In Op 101 a convulsive flexibility courses through
the Sonata with consistently enlightening results; its grandiloquent
conclusion is full of affirmatory and triumphant playing. Op 109 though
begins with a degree of rather fussy and manicured phrasing before Levy
digs in and generates considerable reserves of drama and colour and
energy – his technique is not simply robust, it’s fantastic. In the
Prestissimo second movement he is, following the indication, very quick
but inner voicings are still brought out even at this speed and control
is marked and triumphant. The opening movement of Op 110 is hardly Moderato,
cantabile molto expressivo in Levy’s hands and there is instead his
by now accustomed disruptive and insistent phrasing. I hesitate to call
this mannerism because it seems to me that that conveys entirely the
wrong account of the meaning behind Levy’s Beethoven playing which is
entirely above such point scoring or laziness of rhythmic inflection.
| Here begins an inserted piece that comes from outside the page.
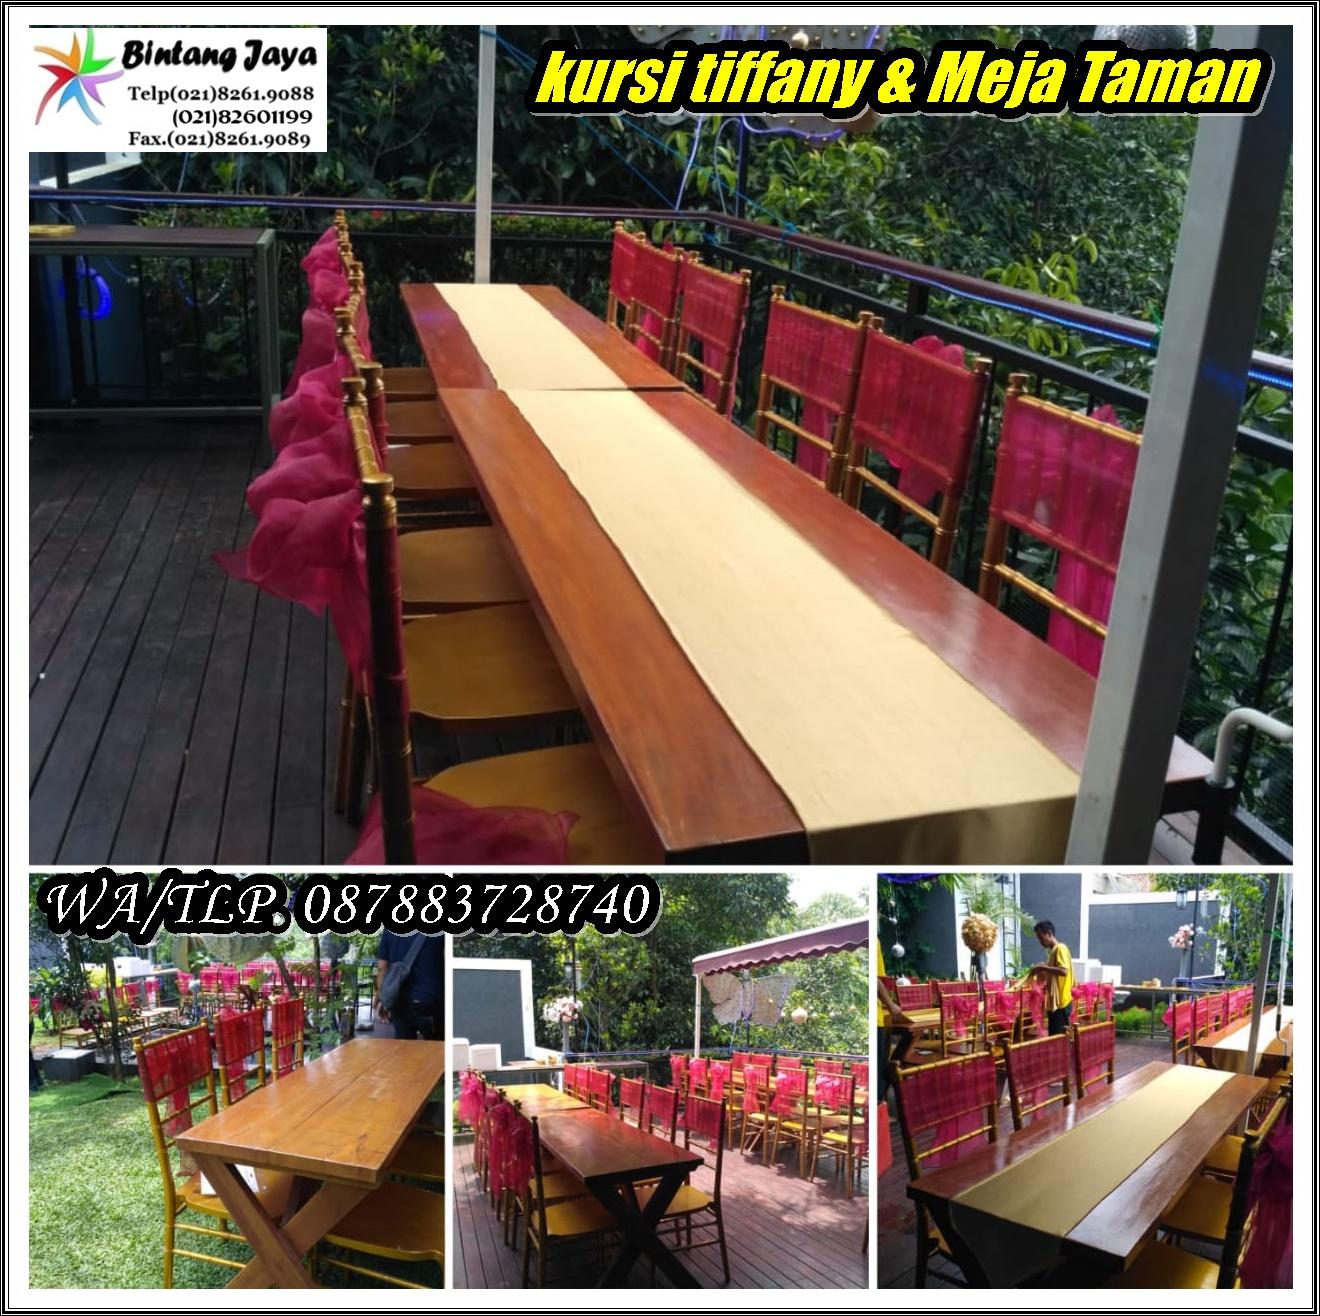 Sewa Kursi Tiffany Rawamangun Jakarta

It is powerfully thought out and absolutely engaged musicianship albeit
of the type that will provoke considerable negative reactions as well
as affirmatory ones. In the slow movement of the same movement for example
I found his vigorous accents rather unsettling and the whole of the
first part of the Adagio similarly hobbled – disjunct and undercut –
but he certainly picks up for the Fuga which is full of expressive clarity
– very special playing indeed.
His Haydn is romantic but not as wilful or idiosyncratic
as his Beethoven. The A Flat Sonata has delicious leading voices in
the opening movement and an elevated nobility in the second. The finale
points up the vivacity of Haydn’s writing. He catches the humour in
the B Minor but equally has the confidence and acuity in Haydn playing
to demonstrate true simplicity. The two final pieces are taken from
his rare c1929 Sonabel 78s.
Volume Two lives up to the expectations generated by
the earlier set. Levy is technically outstanding, architecturally and
intellectually probing, a musician of conviction and powerfully individualized
responses. For people who don’t know him – and that’s most people –
they can now more fully become acquainted with a pianist who treats
Beethoven as the colossus he is. In no small measure Marston adds to
the merit by virtue of transfer quality and notes – in this volume a
joint essay by Donald Manildi and Gregor Benko and a musical discussion
by Frank Cooper. Responses to Levy will be definitively polarised but
he’s a pianist who demands to be heard.